In a single dose study (BASF, 1984) the acute dermal toxicity of the test substance was assessed according to OECD402. The test substance was administered to about 50 cm² (corresponds to at least 10 % of the body surface area) of the previously clipped skin (dorsal and dorsolateral parts of the trunk) of five Wistar rats and semi-occlusive covered. 24 h later, the dressing was removed and the application site rinsed with warm water to remove residual amounts of the test substance. Animals were observed for 14 days. One male animal died two days after application of the test substance. Clinical signs included dyspnoea, apathy, aggressiveness, staggering and poor general state. The Animal that died had severe edema in the lungs. No abnormalities were observed in organs of all other animals sacrificed at the end of the study. Moderate local skin effects were observed in one male, another male developed superficial erosions with crust formation, whereas the other animals showed profound necrosis. Taken together, the test item does not depict any risk of dermal toxicity and the LD50 is > 2150 mg/kg in males and females. The study is regarded as acceptable (key study).

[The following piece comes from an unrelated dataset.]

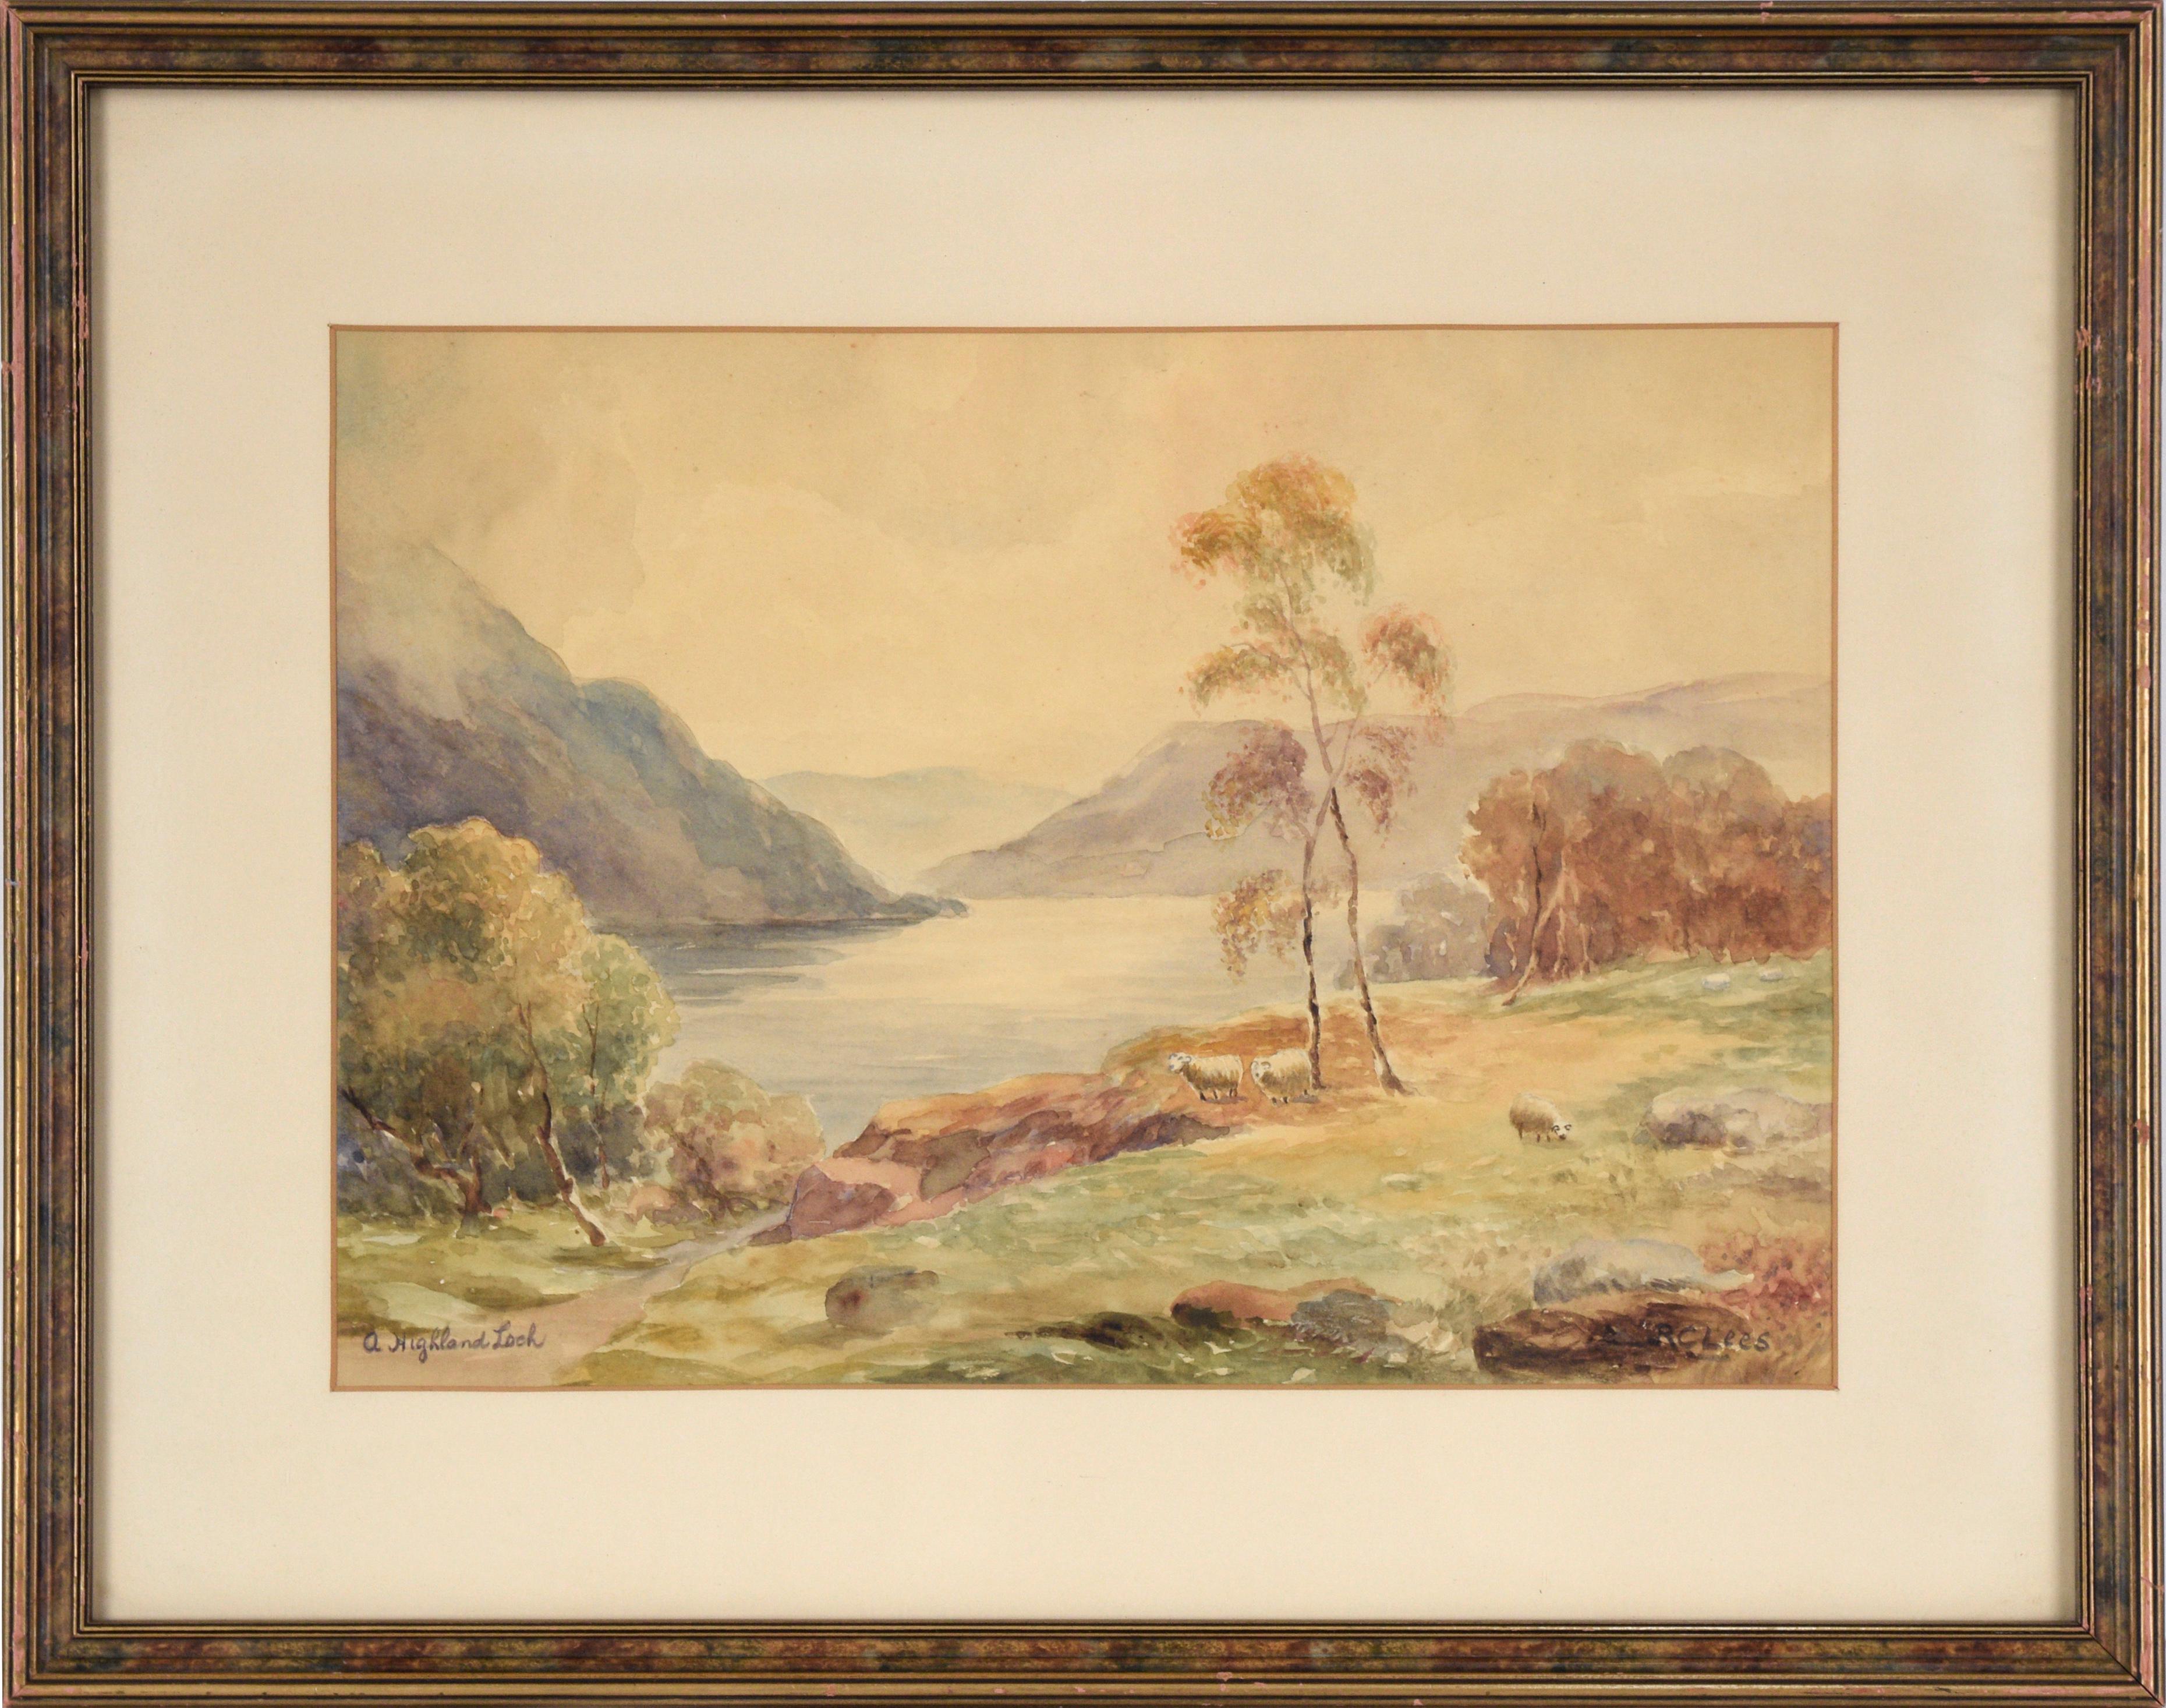 R C Lees Landscape Art - "A Highland Loch" Lake Watercolor Landscape on Paper

Justification for selection of acute toxicity – oral endpoint
Most reliable study (key study).

Justification for selection of acute toxicity – dermal endpoint
Most reliable study (key study).

Justification for classification or non-classification

The available experimental test data are reliable and suitable for classification purposes under Regulation 1272/2008. The substance is not considered to be classified for acute oral or dermal toxicity under Regulation (EC) No. 1272/2008.